===== The data

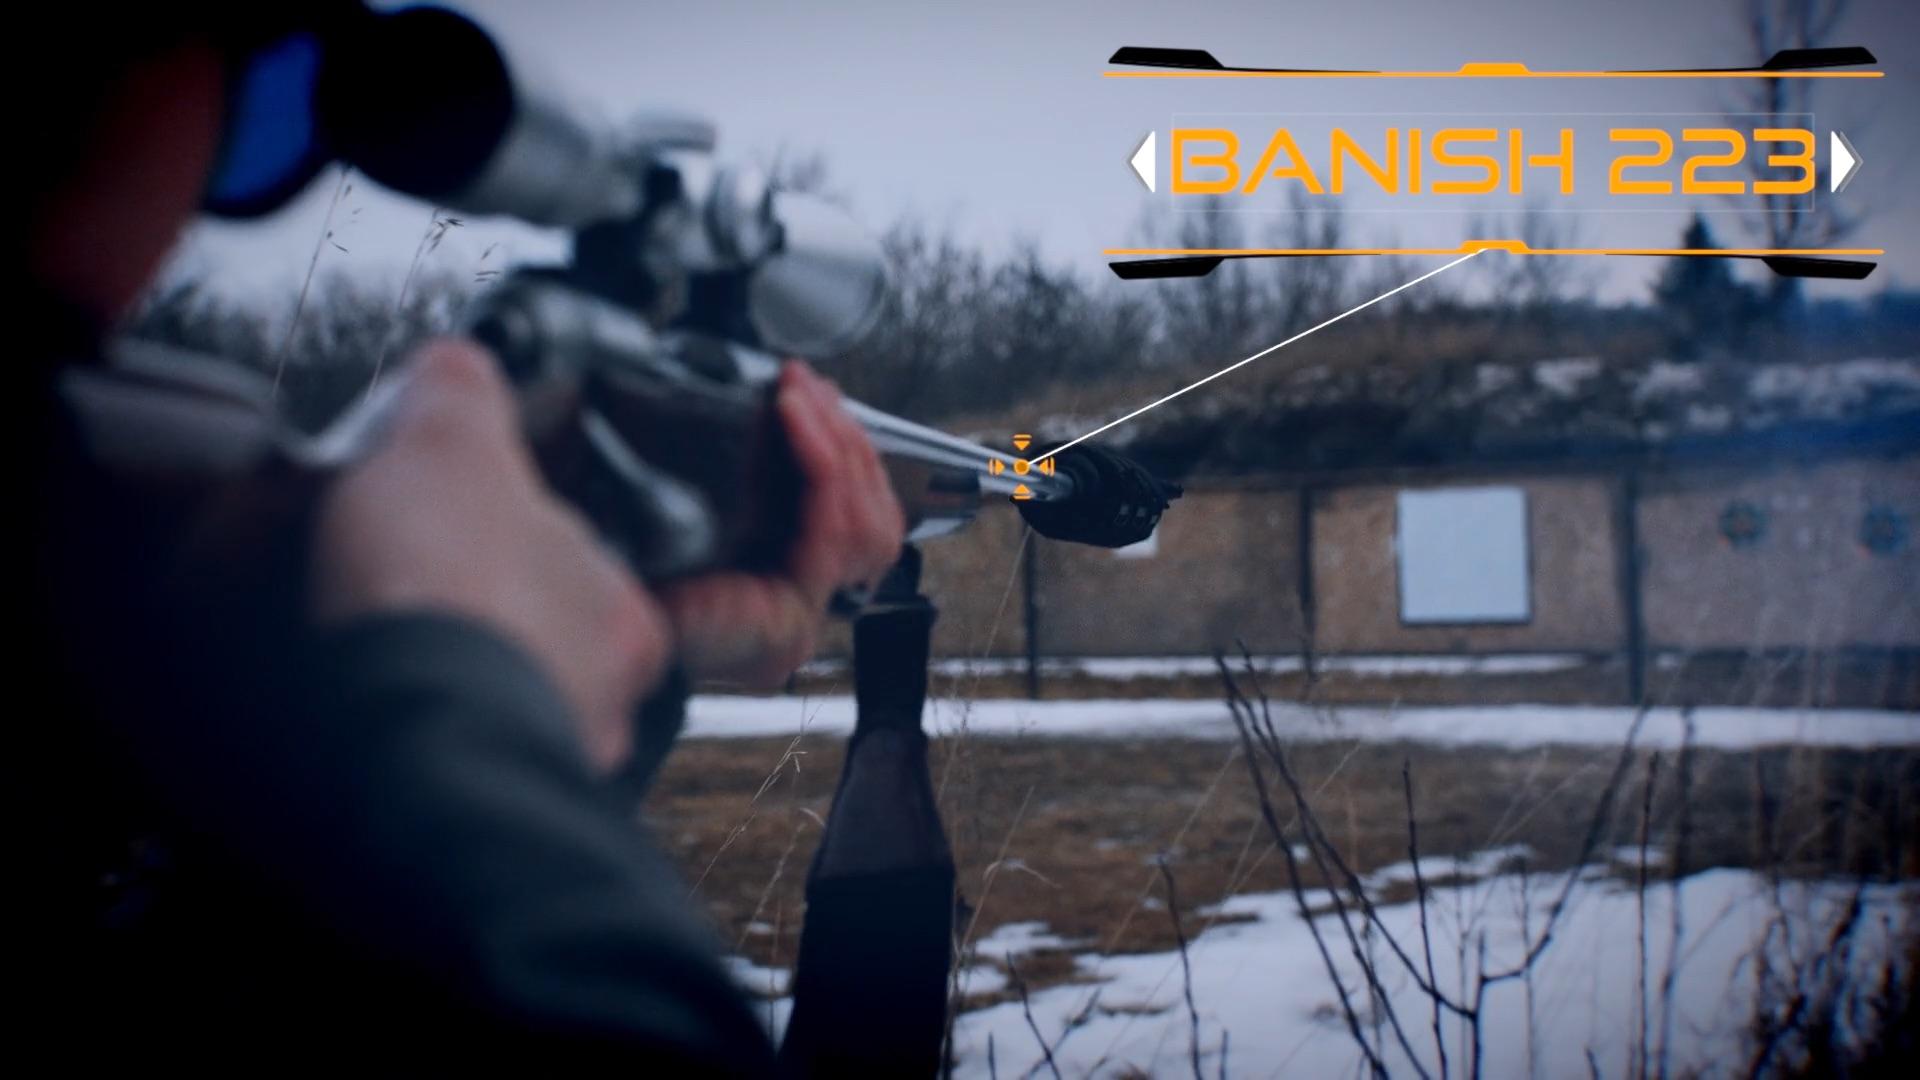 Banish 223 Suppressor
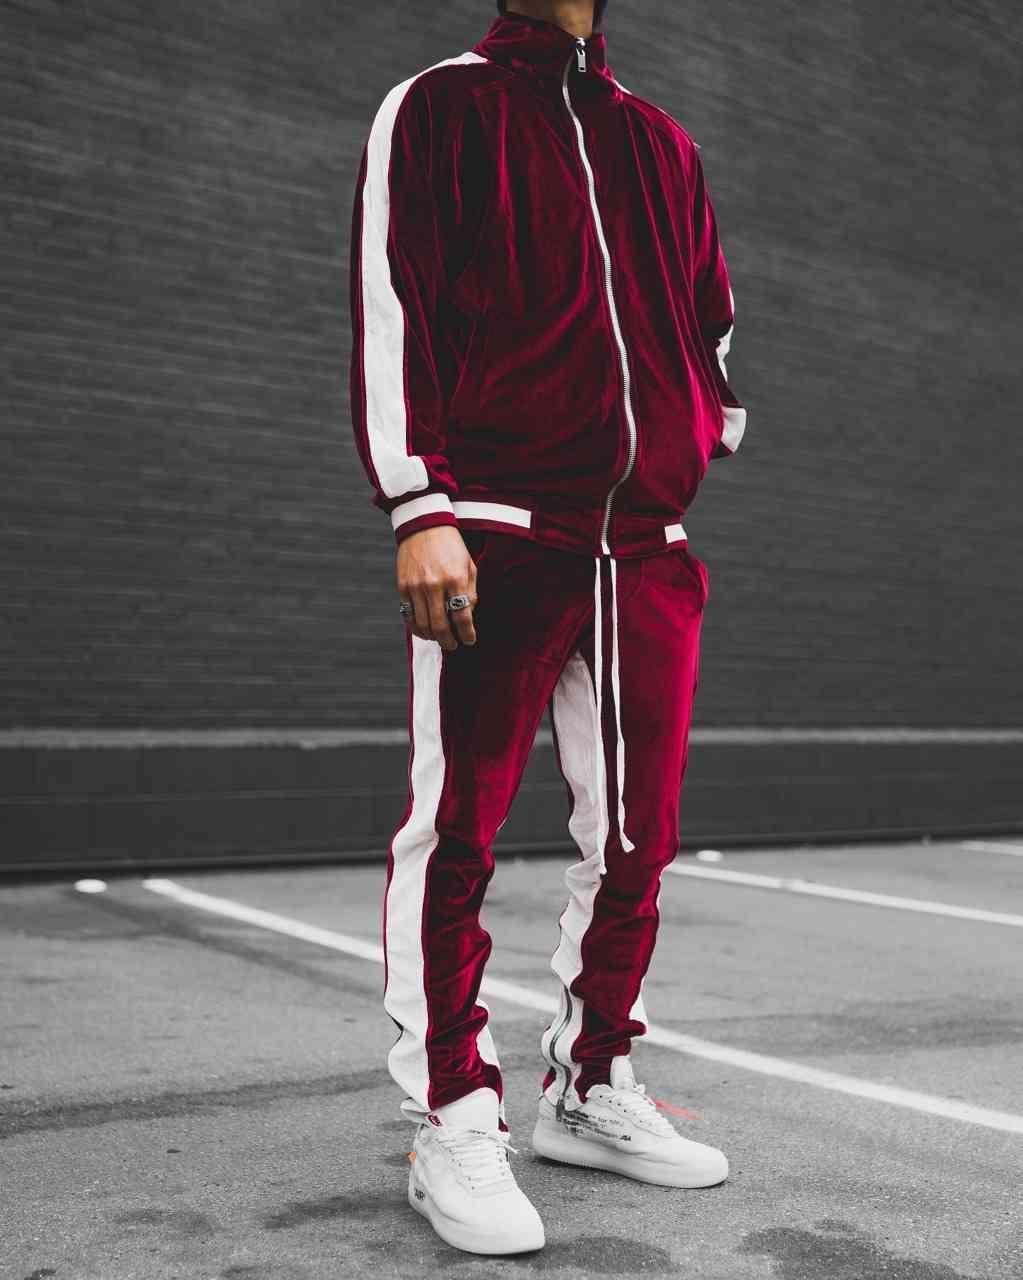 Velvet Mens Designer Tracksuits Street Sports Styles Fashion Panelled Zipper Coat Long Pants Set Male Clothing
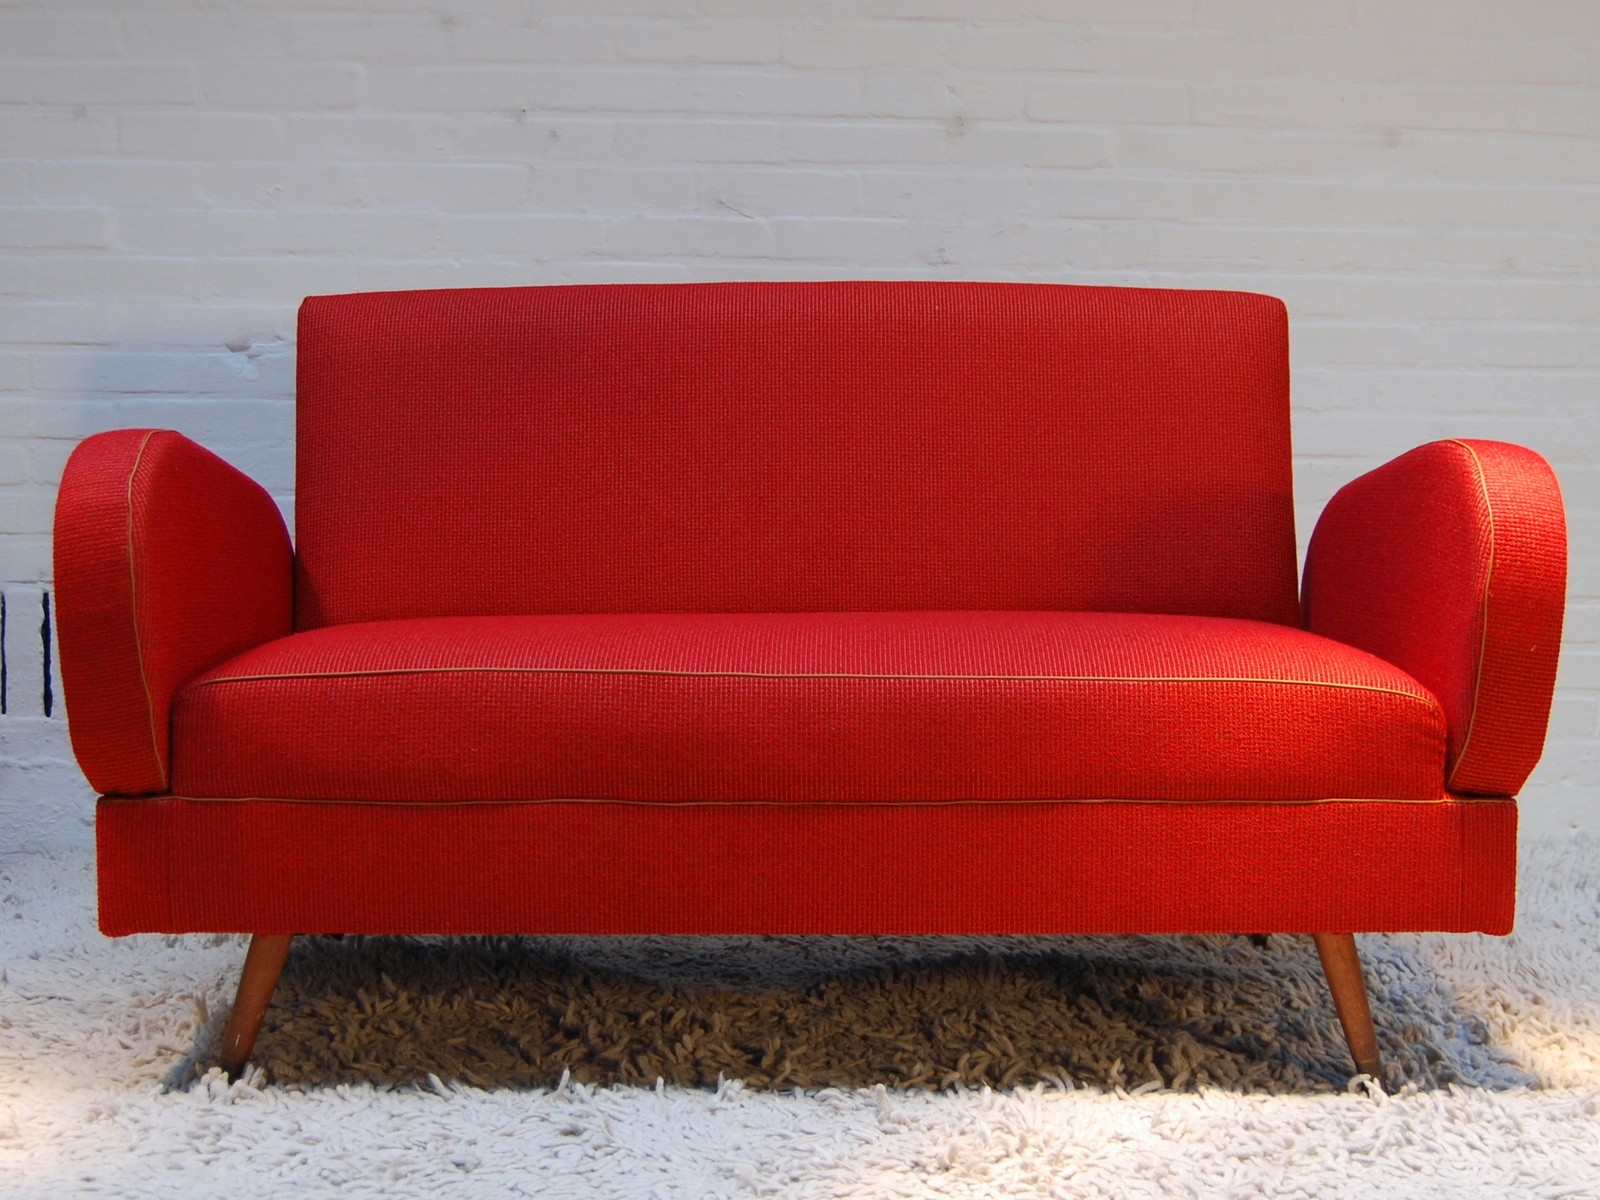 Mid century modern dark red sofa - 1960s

==========

Work task :: Pictures are not part of the copy; retype all the other material exactly.

Answer for the task ::
 Banish 223 Suppressor
 Velvet Mens Designer Tracksuits Street Sports Styles Fashion Panelled Zipper Coat Long Pants Set Male Clothing
 Mid century modern dark red sofa - 1960s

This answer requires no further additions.